Monthly Archives: August 2016

Latest discoveries about deindexations and Search Engine crawling

searchbotEvery time a blog gets deindexed on EBN, we save all the information we have about it so we can analyze it later. We then do batch analysis to see if there are any patterns or footprints that we can report to the community.

In the last few weeks, we found a few interesting things. We’re still discussing on how to implement these into Blog Health to improve deindexation prevention but they’re useful insights nonetheless.

Here’s what we found.

Search Engine Crawler is visiting old URLs all the time

If you buy an expired domain with history, old URLs get crawled often and for long periods of time. This can go on for months, even if the URLs report 404 error.

Unrelated content and/or language can cause deindexation

We found that rebuilding old domains and using unrelated content and/or different language can cause deindexation.

Comments increase Search Engine Crawler visits

Comment feed is checked daily. If there are no comments, the blog is crawled less often.

Blocking crawlers can cause deindexation

We did not find any issues with users of Spider Blocker, however a lot of users add more than one plugin and block additional crawlers.
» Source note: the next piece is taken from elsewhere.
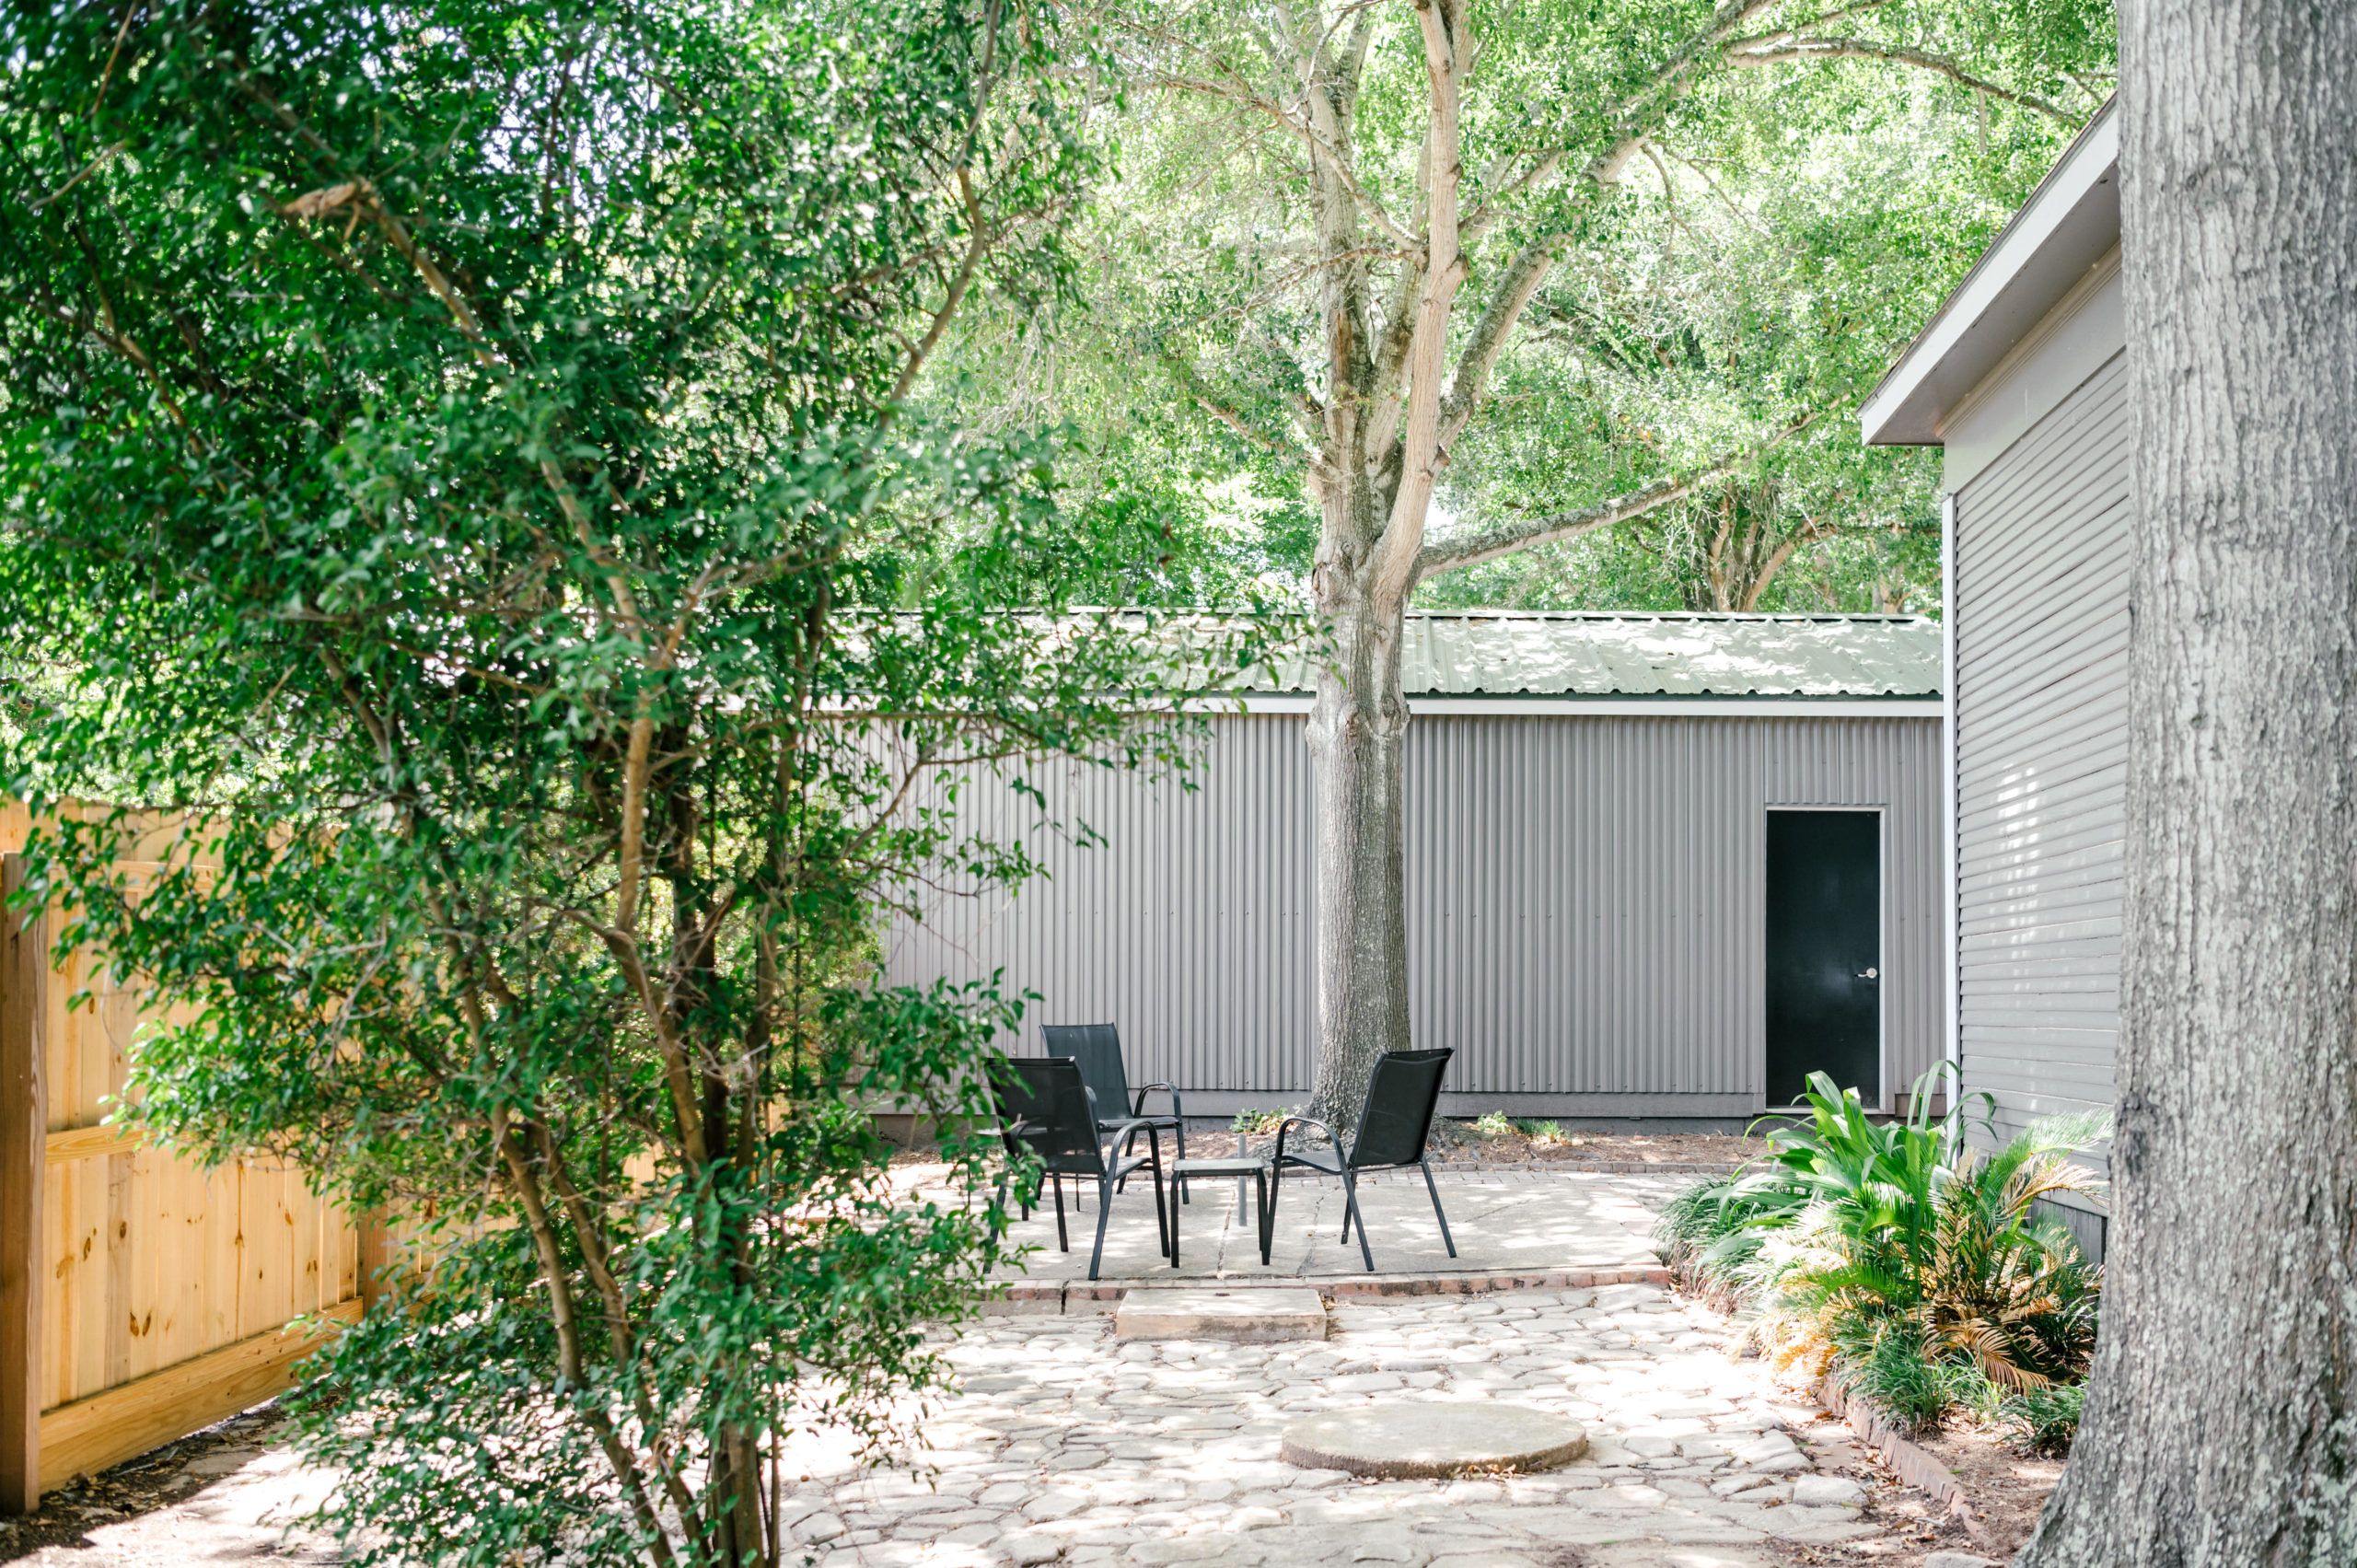 Backyard with outside metal chairs and table surrounded by trees

Do NOT do this. Use one blocker and block as little crawlers as possible.

Some domains are permanently penalized

Some penalized domains never get any crawler traffic and will therefore never get indexed. Unfortunately we don’t yet have the data on how long this penalty can persist or what is the root cause of it (email spam, malware, phishing etc.).

Search Engine Crawler still visits the blog after deindexation (!)
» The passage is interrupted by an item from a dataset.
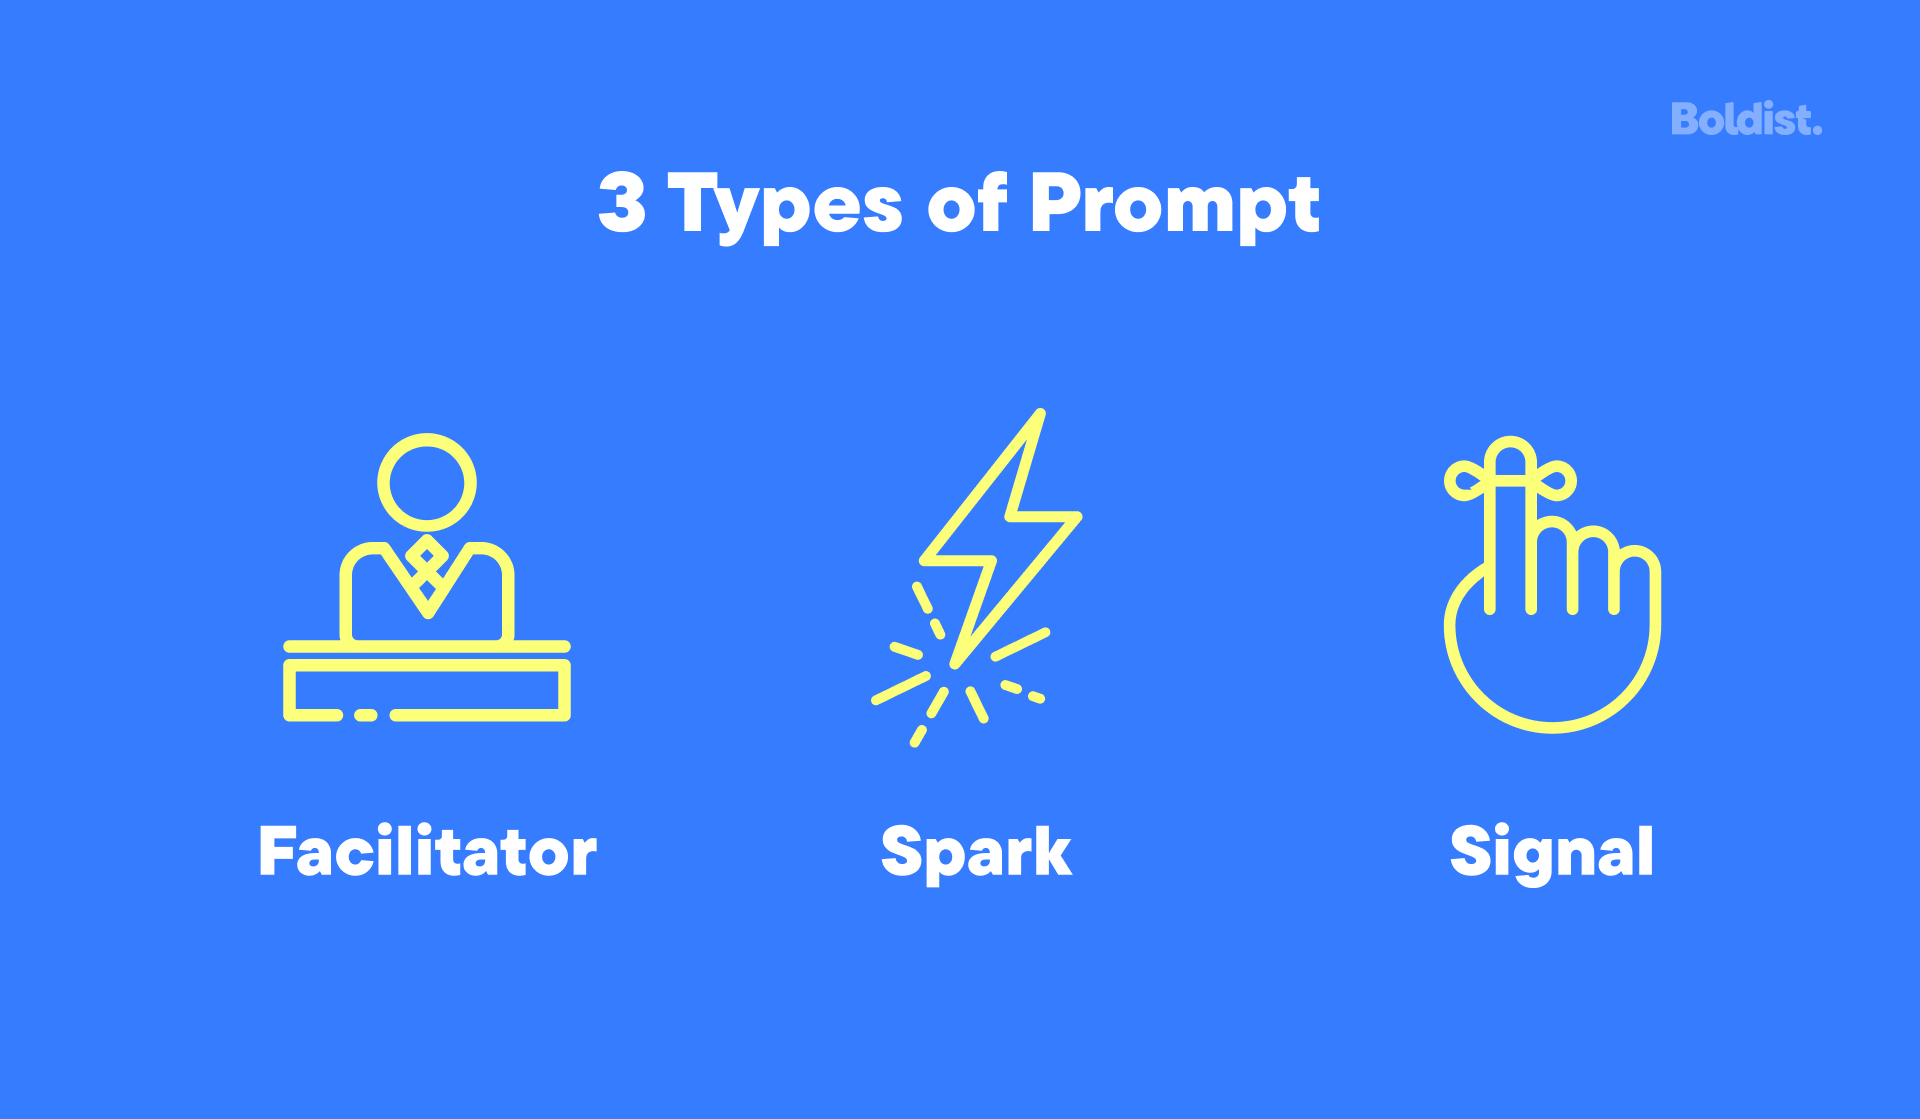 3 Types of Prompt: Facilitator, Spark, and Signal.

When a domain gets removed from the SERP (deindexed), the old URLs still get crawled regularly and that stops only after 5-7 days. This could mean there are still options to save your blog after it gets deindexed by rebuilding URLs with relevant content.

Since we’re using passive indexation check, this is the reason why our indexation status can be late for 7-14 days (while Blog Health is checked daily).

Summary

Here’s a quick recap:

  • Rebuild URLs with relevant content that would fit on the old domain. Use the same language.
  • Check domains in spam and malware databases before buying them.
  • Use only one spider blocker, we recommend our free Spider Blocker plugin and block only the most important crawlers.

While none of this is a complete surprise, it’s just something that we can now confirm with data, not just speculation.

In the future, we’re going to start collecting even more information about domains – from social metrics to backlinks and blacklist databases. Once we have that, our analysis and deindexation prevention will greatly improve.